# Premium Stereo Upgrade?



## tuanies (Oct 16, 2009)

Anyone have access to the stereo diagrams that show the premium stereo is done?

Does Chrysler still use "premium" speakers with the amps integrated with the speaker or is it a separate amp? 

Also would it be possible to obtain all the components and install the premium stereo in a 2011 Routan?


----------



## showtz (Mar 29, 2011)

I did a little research and determine the speakers do not have amps integrated. All of the speakers would need to be replaced with the upgrade infinity 2 ohm. Call a Chrysler and ask them to provide pricing on the two front speakers 05064120AB & 05064120AA so you can get an idea of the costs. 

Pics of speaker removal:
http://forum.chryslerminivan.net/sh...s-Mystery-Explained/page5?highlight=+506-WATT

Another thread I found on a slightly different stereo Dodge Journey shows wiring may need to be added to upgrade the stereo:
http://www.dodgejourneyforum.com/index.php?/topic/756-infinity-system/



— Six speakers (included with Media Center 430, Media Center 730N or Entertainment Group I)

— Nine amplified speakers with subwoofer and 506-watt amplifier (included with Premium Sound Group)
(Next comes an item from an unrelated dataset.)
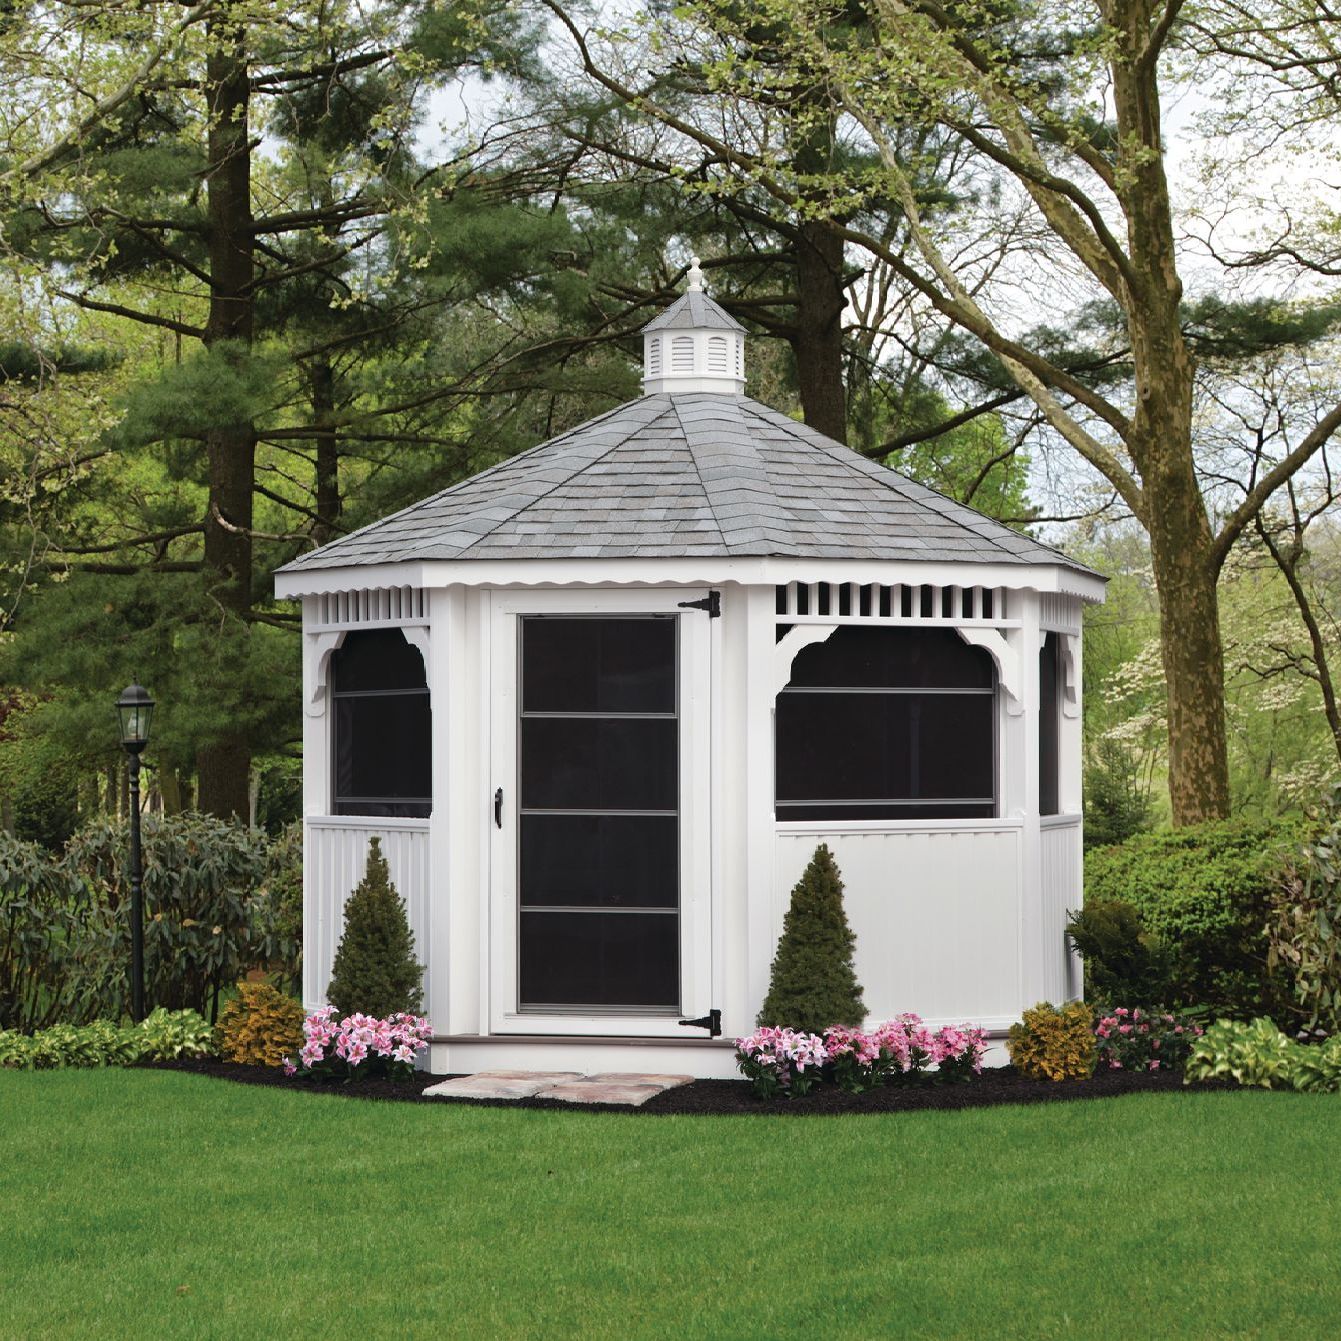 a white gazebo with a screened in door sits in the middle of a lush green yard

Premium Surround Sound System
The new-for-2008 premium surround sound system with a minivan-first subwoofer and 506-watt amplifier is available on both the Dodge Grand Caravan and Chrysler Town & Country. The 506-watt amplifier offers 11 channels with 46 watts per channel. The system also includes three instrument panel speakers, two front-door-mounted speakers, two speakers in the rear quarter, two speakers in the D-pillar and an eight-inch, two-channel, dual-voice coil subwoofer. The system also offers Digital Signal Processing (DSP) 7.1 Surround Sound and is capable of simulating two-channel media into a multi-channel format. The premium sound system offers proper sound imaging and excellent frequency response with smooth delivery. The surround sound provides an enhanced listening and viewing experience of CDs, DVDs, games and other media sources, since the sound output is channeled through the various speakers in the minivan.


----------



## Steveaut (Sep 16, 2010)

I had a Journey with the premium system and I really liked it and miss it. I want to upgrade the Routan to the premium, but I don't want to spend a lot of money to do so. I am hoping that someone can tell us if the wiring is already present and if an upgrade is a matter of plug and play, either on the speakers and/or the amp. It appears that the amp goes in the empty compartment above the jack, that is current open for storage. The premium models have that closed off and based upon my research, the amp is in there. I looked and could not locate any preinstalled harness. 

If the amp is cost prohibitive for me, does anyone have an opinion about upgrade just the speakers and what type of improvement that may render. I was thinking of upgrade one set at a time.

Thanks, steve


----------



## tuanies (Oct 16, 2009)

That sucks the wiring isn't there :-\

I think the Mopar Kicker upgrade should work - http://www.moparsupercenter.com/mopar-kicker-premium-speaker-upgrade-package77kick11.html

Only annoying thing is they're 4 ohm instead of 2ohm so you'll lose some volume. I wish there were more drop-in 6x9 + 3.5 components that don't require a completely separate crossover.


----------



## 71sbeetle (Apr 12, 2002)

I have the premium system in our Routan (factory installed) ..... it sucks !


----------



## tuanies (Oct 16, 2009)

71sbeetle said:


> I have the premium system in our Routan (factory installed) ..... it sucks !


The 6 speaker sucks more, but I want an upgrade without having to tear into the system too much.


----------



## Ondaora20 (Apr 19, 2010)

Yeah...even our 2011 Premium sound system leaves something to be desired. The same with our 2009. I will definitely upgrade it eventually, but it is something that should have been kick-ass from the factory.


----------



## 71sbeetle (Apr 12, 2002)

I've been thinking about upgrading all of our speakers to something better, just keeping the factory wiring and amp. It just sounds so hollow and pretty weak, maybe I'm just used to the Dynaudio in my Passat Wagon and my Golf


----------